By her coming alone at noon to the well, we learn everything we need to know about her. First, she is alone and it is noon. Women always went to the well in a group. It was unheard of for a woman to be alone. Secondly, they would always go early in the morning, or in the evening, never at mid-day, the sun was too hot. So, we can tell that this woman is an outcast. The respectable woman of the town would not want to be seen with her. Jesus asks the woman for a drink, by doing so he is breaking the law.

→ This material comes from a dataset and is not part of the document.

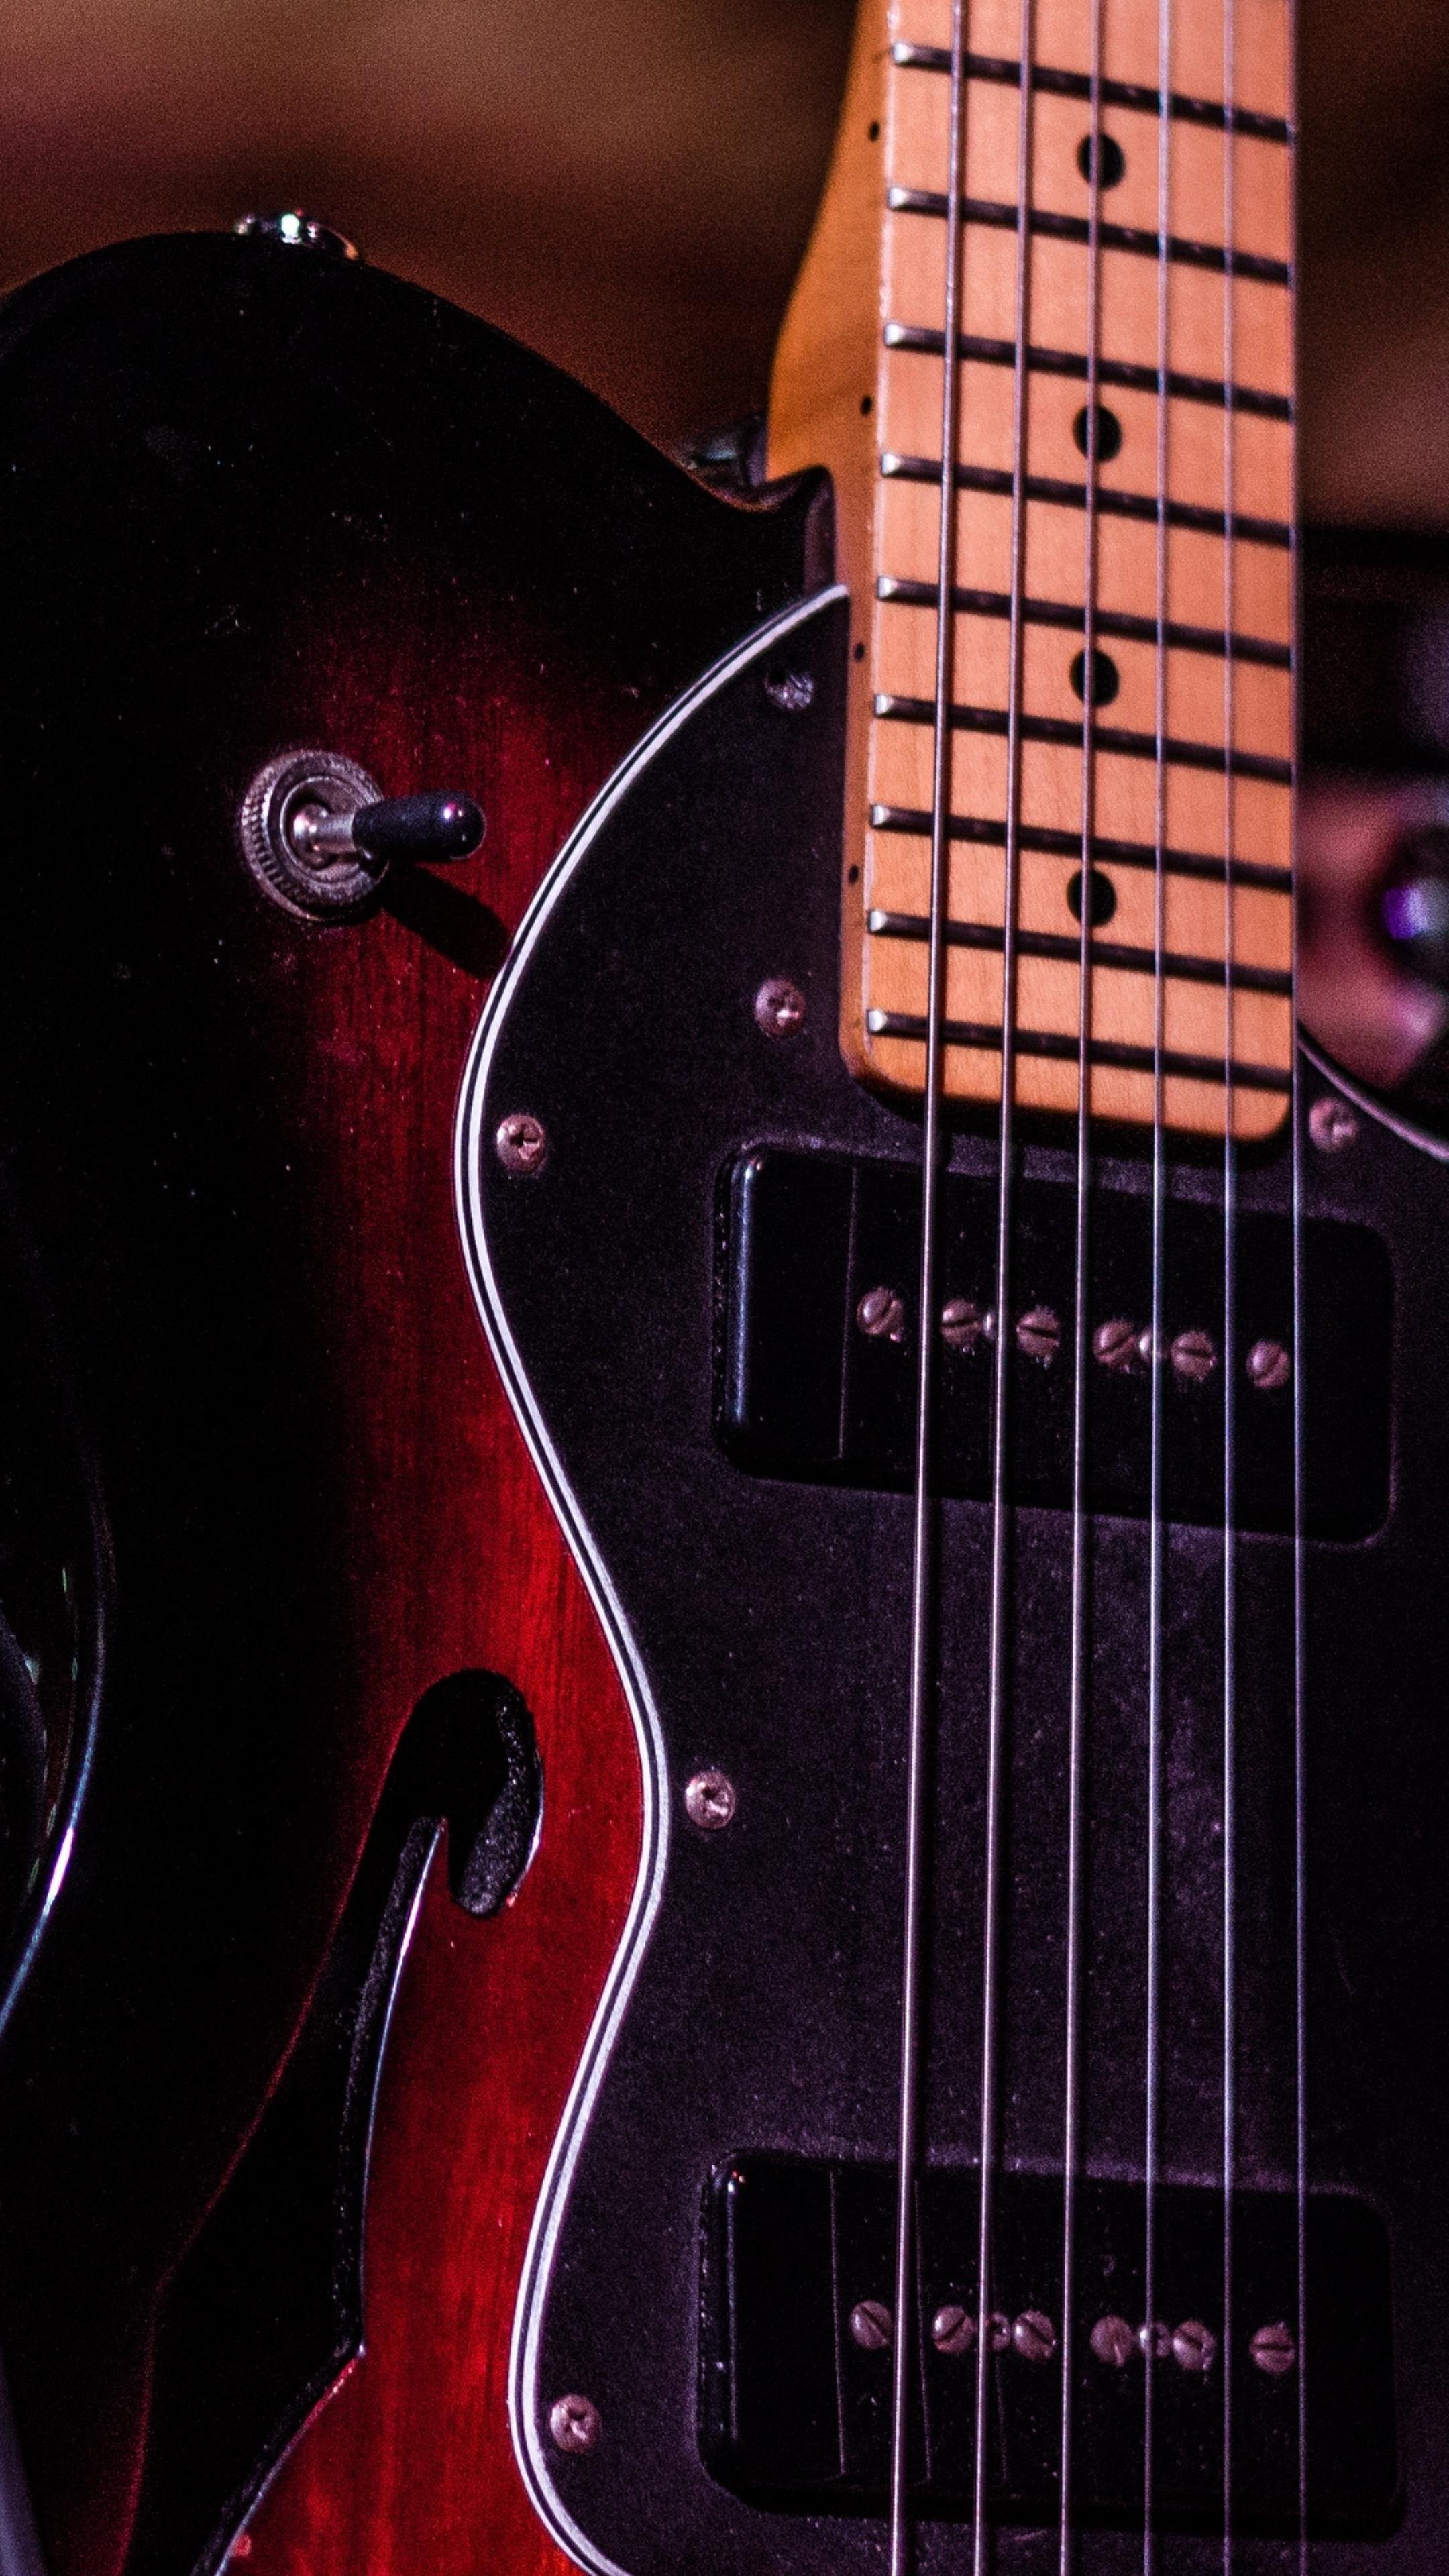 Music Instrument Electric Guitar 4k Wallpaper

It was not acceptable for a man to speak to a woman alone. He would also become ritually impure by drinking from her cup. Even the woman asks how a Jew can ask a Samaritan for water. Jesus responds, if you knew the gift of God and Who it is that is saying to you give Me a drink. You would have asked Him and He would have given you living water. The story of living water is a drama about faith. And we see how an individual and a community come to believe in Christ. As always, the Lord takes the initiative.
He speaks and a woman begins to sip living water. Without knowing it, yes, the pieces of her life start to fit. She knows only that the Messiah is coming and Jesus tells her. I who speak to you am He, He even uses of Himself the title of Divinity…I am. Still not sure who Jesus is, the woman rushes from the well to the city crying breathlessly to all she meets. Come see a man who told me all that I ever did, can this be the Christ? Not certainty, but a touch of hope, can this be Christ?

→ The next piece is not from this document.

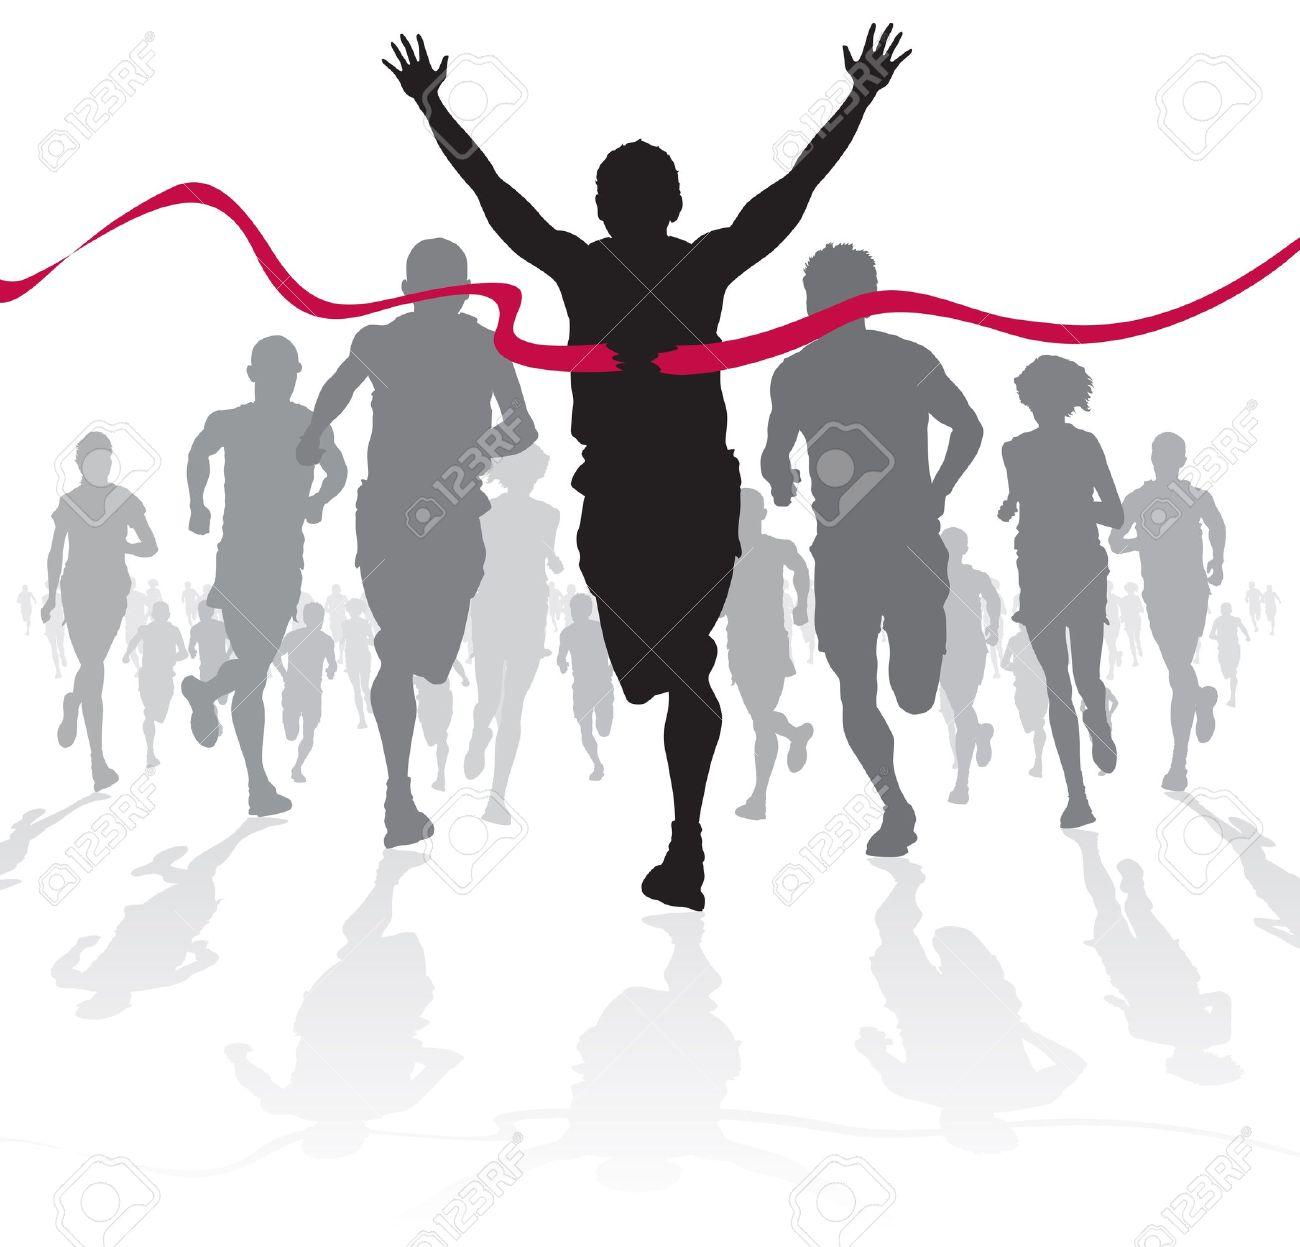 Running Finish Line Clipart The Finish Line Running

And the drama of belief expands, someone who knows everything this much married woman ever did, this they have to see. They rush out to see the Prodigy for themselves. Once they see Him, they ask Him to stay for two days. Many of the Samaritans have already believed in Him on the woman’s witness. Many more believe because of His word. They say, we have heard for ourselves and we know, that this indeed is the Savior of the World.
What does this beautiful story say to us? Does it occur to you that it is not only Samaritans who should recognize Jesus and ask Him for living water? Every man and woman must, you and I must. Oh yes, you have already tasted it. Otherwise, you would not be here. You have been touched by God’s word, and the Holy Spirit lives in you. So many things claim our attention. From sports, health, work, all good in themselves. But so often, Christ takes a back seat.
We only think about Him on Sunday or during a crisis. Somehow, the Christ who mesmerized the woman at the well must grab us, turn us on. It is not a matter of academic knowledge. You must know Him, not only about Him. But really know Him as you know your closest friend. The Samaritan woman did not hide her living water. Like a bottle of Perrier in the fridge. She left her water jar, jetted back to the town. Grabbed everyone and said, come and see.
This amazing man, could he be the one we have been waiting for? She became an apostle, she brought the message of Jesus to the people. She knew she shared with them her own experience of Him. She urged them to go see for themselves. They went, they brought Him back with them, they spent two days in His company. They heard the word from His very lips and many believed because of her. That fallen woman who became an apostle because she spent time with the Lord. And all the pieces of her life came together.
I suspect that what impelled the Samaritans’ rush to the well was not simply the woman’s confession He told me all that I ever did. It was the fact that she had changed, something had happened to her. This woman with five husbands had all the excitement. All the glow, of someone who has fallen in love for the first time. My friends, when you ask for living water you are taking a great risk. You are asking God to change you, to transform you in the image of His Christ.
To redirect you tomorrow onto roads you cannot map, or even control. And there is great risk, because it means we start to change. But we might feel we are beyond our depth. In one of Graham Green’s novels, there is a dialogue between an American professor and a Trappist monk. The professor asks the monk, “Father, why did you become a Trappist? The life is so hard, there are so many easier ways of following the Lord.” And the monk replies, “I think you know, professor, that when one has to jump. It is so much safer to jump into deep water, so much safer to jump into deep water.”